= DATA EXTRACTS =
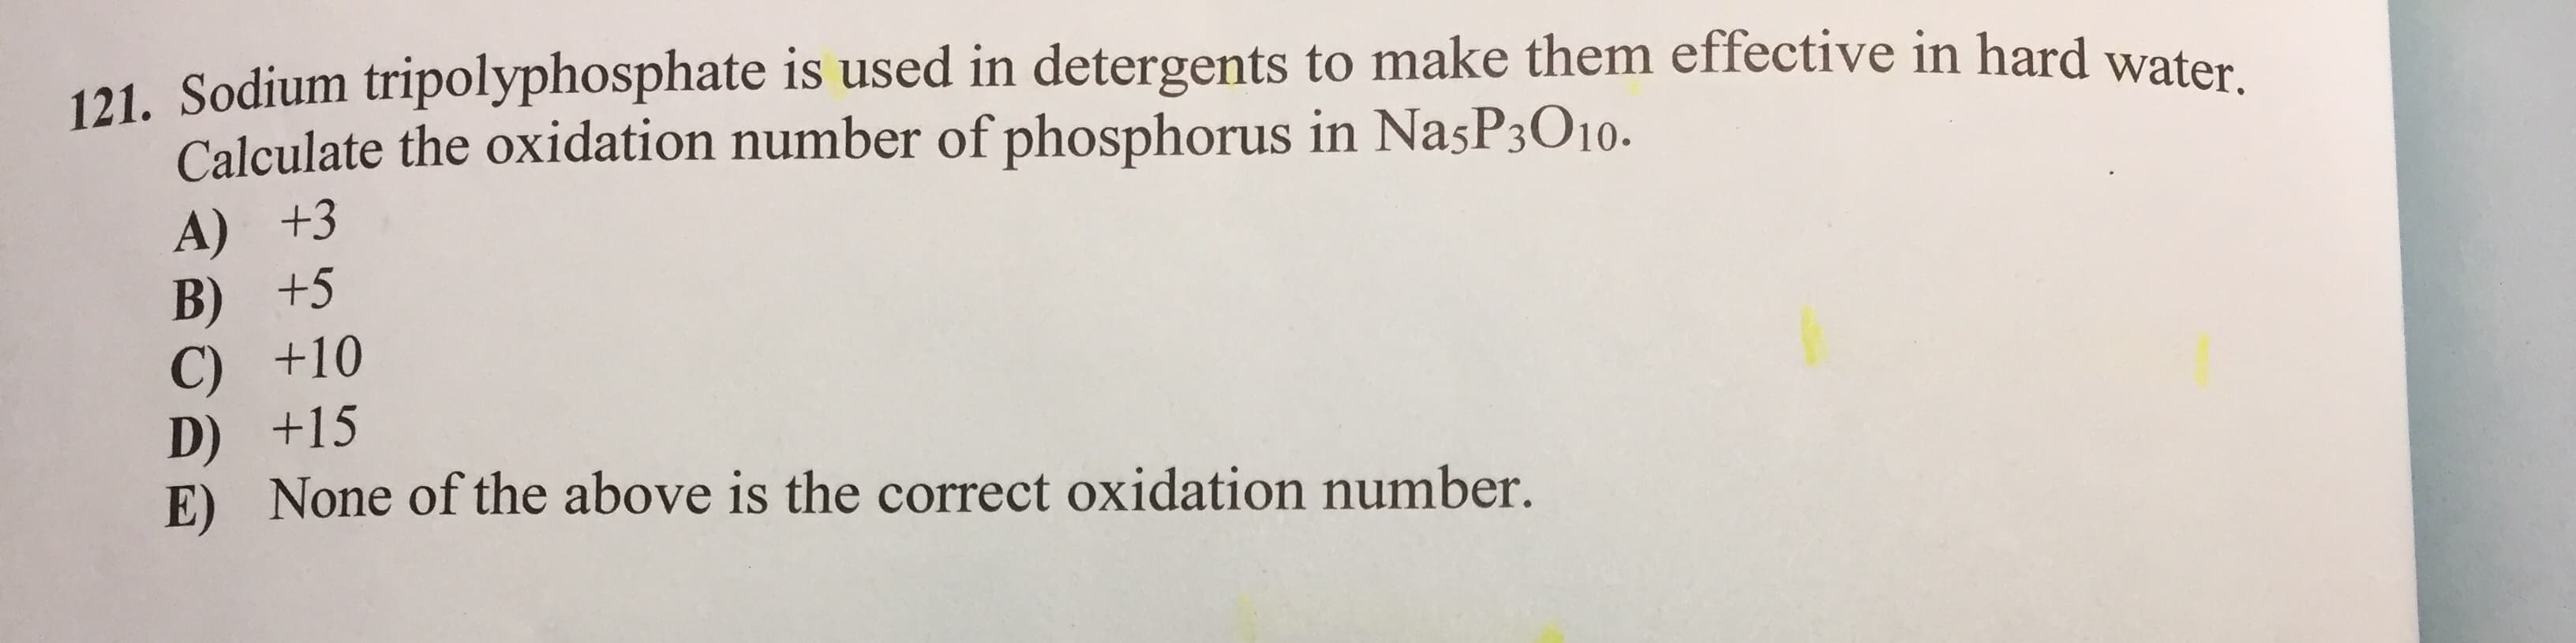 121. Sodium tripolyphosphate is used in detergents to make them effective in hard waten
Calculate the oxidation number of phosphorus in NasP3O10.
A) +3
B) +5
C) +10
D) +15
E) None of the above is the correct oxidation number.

= THE TASK =
Write out the whole listing above exactly; do not include the pictures.

= TASK SOLUTION =
 121. Sodium tripolyphosphate is used in detergents to make them effective in hard waten
Calculate the oxidation number of phosphorus in NasP3O10.
A) +3
B) +5
C) +10
D) +15
E) None of the above is the correct oxidation number.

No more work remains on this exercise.